Yes, Rossi's cafe has been available for down to earth Essex grub for ages and ages. The photographs on the wall tell so many eloquent stories that you could hardly stop looking at them. Louis Rossi and his family had opened up this gastronomic paradise way back in the 1930s when social events were dramatically moving in the most sinister direction. And 90 years later Rossi's is still there, resplendently art deco in a manner of speaking, still boasting the same beverages and meals that had so readily satisfied the appetites of so many diners.
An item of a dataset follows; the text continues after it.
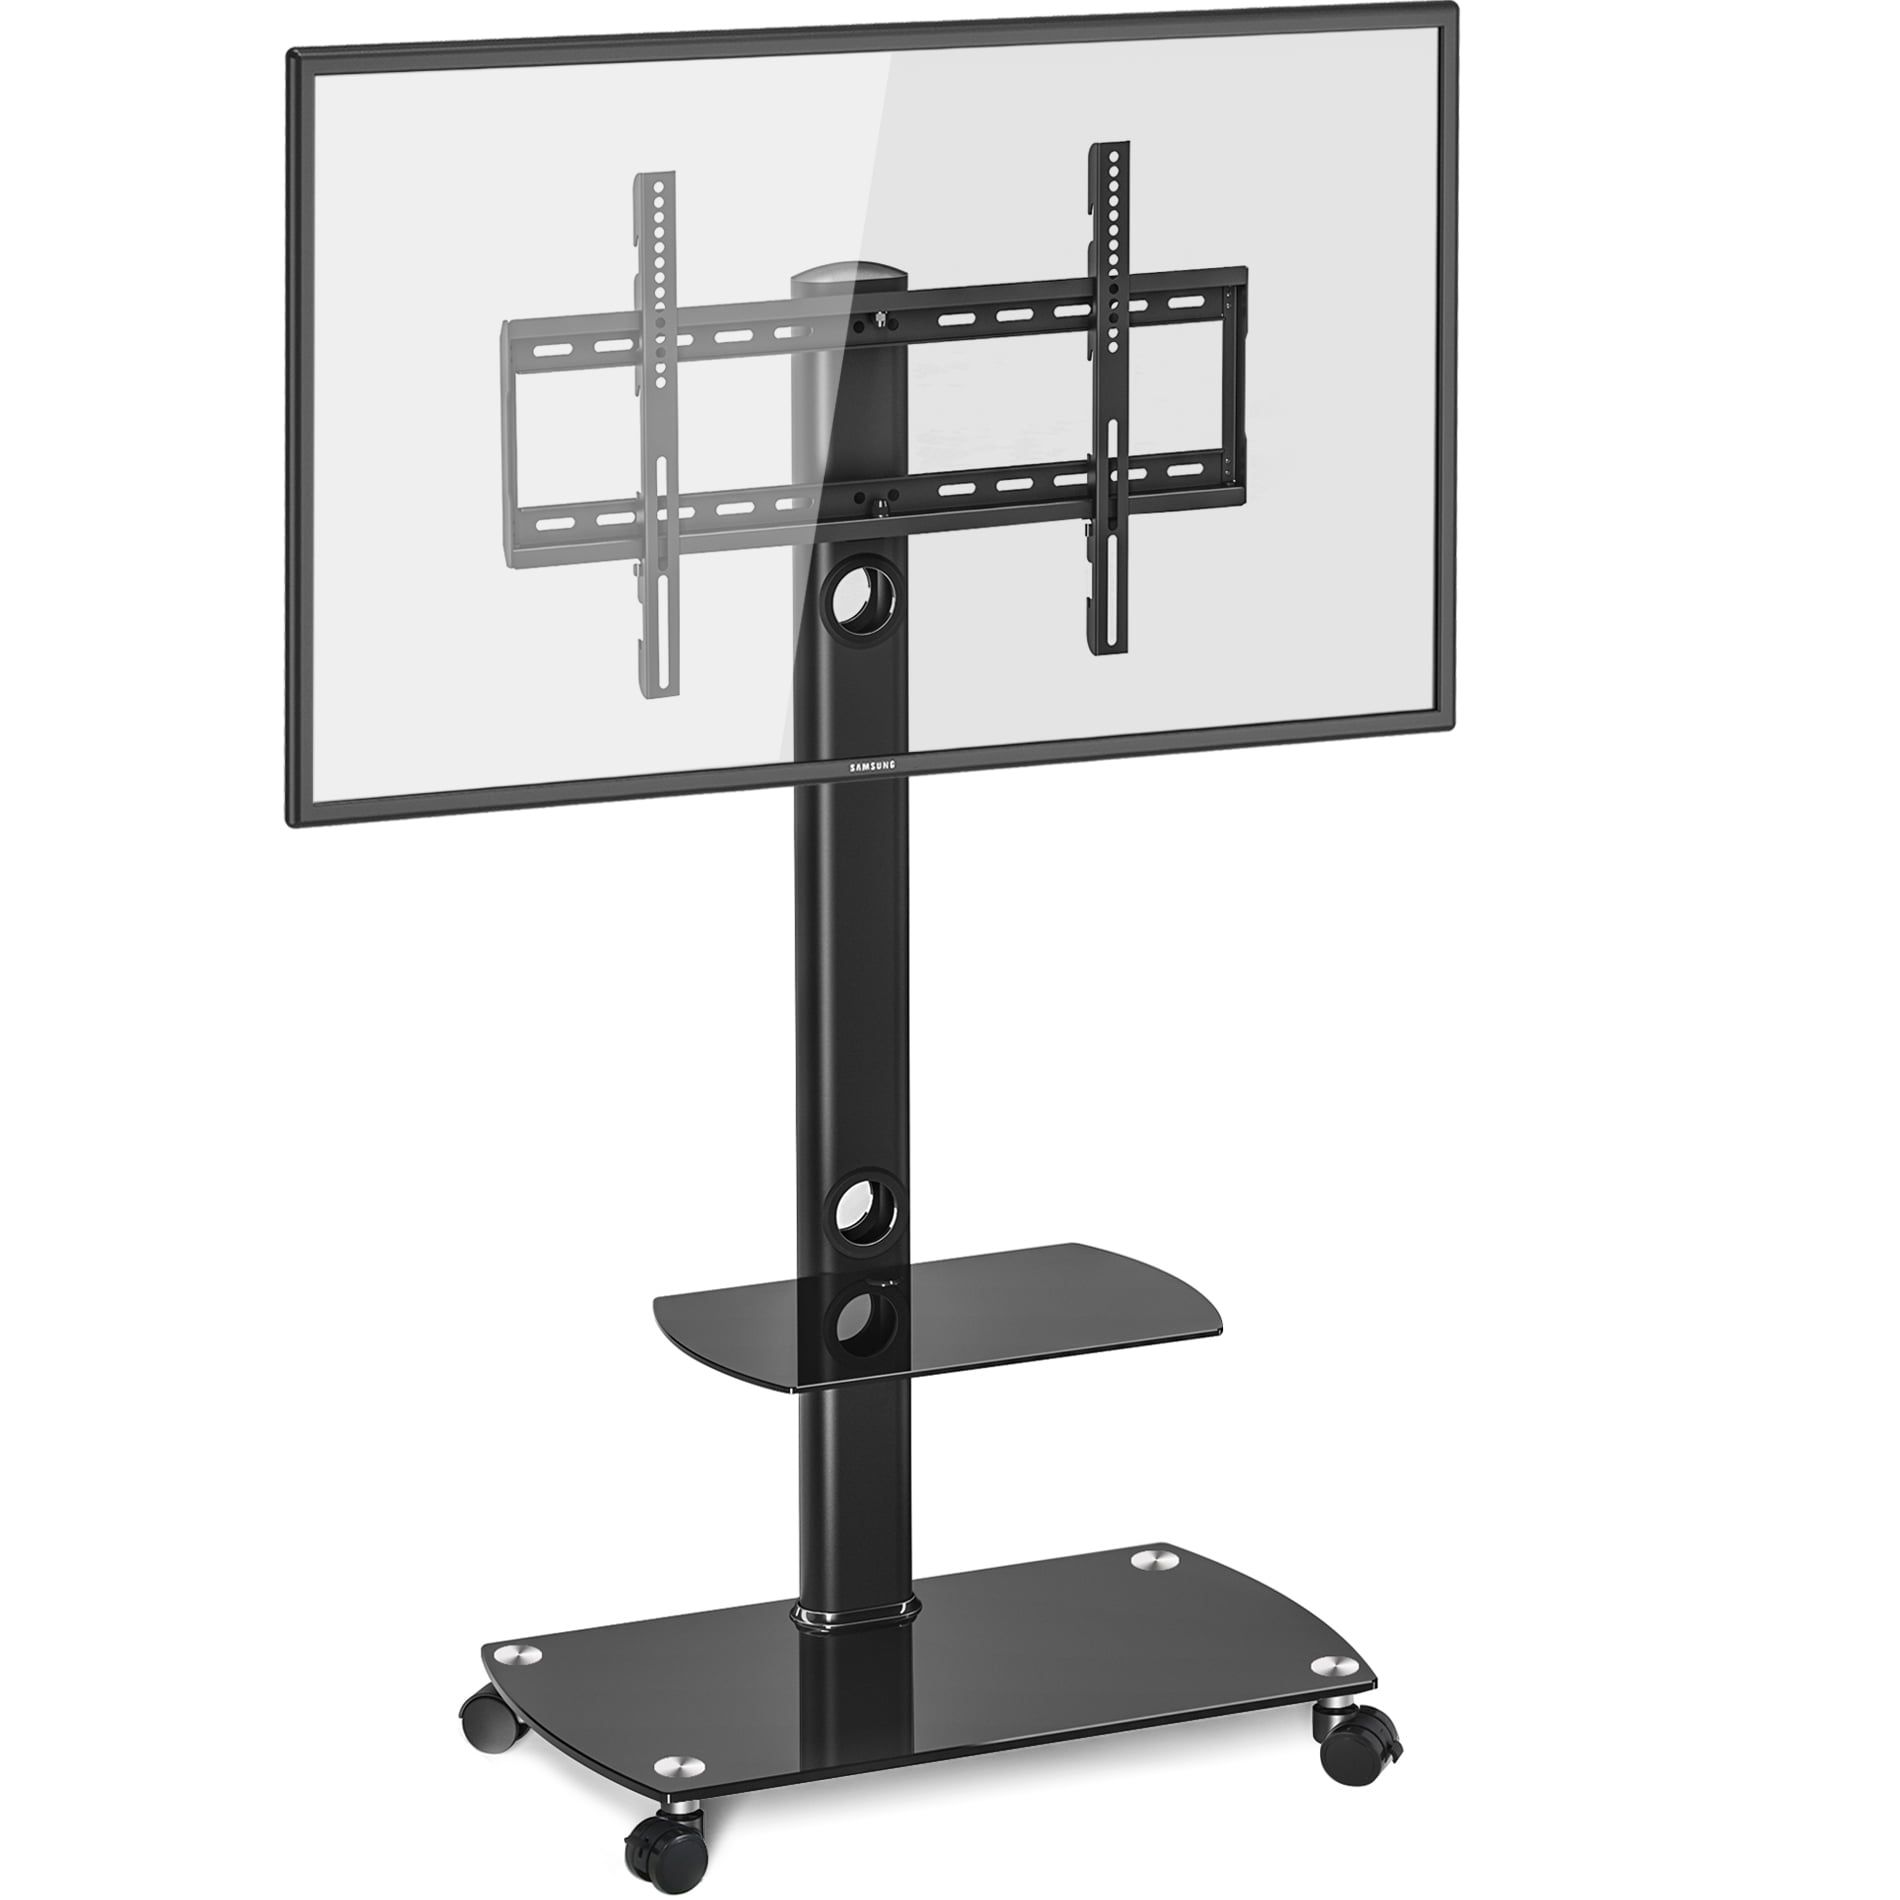 Mobile Floor Tv Stand Trolley Cart With Mount Display For 32 To 65 Inch Regarding Mobile Tilt Rolling Tv Stands (Gallery 16 of 20)

Behind a now socially distanced and shielded counter were those classic comestibles. There were also the teas, coffees, milk-shakes, orange juices and, lest we forget, Horlicks.  For a minute you thought you were imagining it but Horlicks was there on sale if that was your choice of drink. Now without wishing to seem too judgmental Horlicks doesn't seem quite the drink that would have appealed to any of us after a long day of exhaustive sun tanning. Still, it was there if you wanted it.

And then after an afternoon of relentless bathing self-indulgence where caps were nonchalantly dipped, knotted hankies were not quite the order of the day and faces raised confidently towards the sun, we made our way past the tiny souvenir shops with their quaint collection of kids windmills, inflated swimming pool rings, discreetly naughty postcards dripping with innuendo and candy floss that always reminded you of pink cotton wool.

You thought back to those halcyon days of the late 1950s and 1960s when dads would insist on wearing their work suits and jackets, complete with braces, formal shirt and tie. You remembered the glorious formality and order of the age, when huge families would huddle around their children protectively and proudly as dad bent down to build architecturally perfect sandcastles. You thought back to your wonderful parents and grandparents when your grandma made absolutely sure that you'd never go hungry with shopping bags groaning with egg and onion sandwiches.

At the end of the day Westcliff was still there and always will be. It was a predominantly social rendezvous where all of the latest Jewish gossip would casually float over to nearby Chalkwell and Leigh on Sea. Southend and Westcliff are the Essex heartlands where all our childhood memories were planted and nurtured, where cockles and whelks can still be slurped in downtown Southend and finally most of the cafes are open for business. The chairs have been taken down after a seemingly indefinite coronavirus lockdown and in this seaside haven of all seaside havens, the good people of Essex and beyond are walking around with a beaming smile. Long may it last.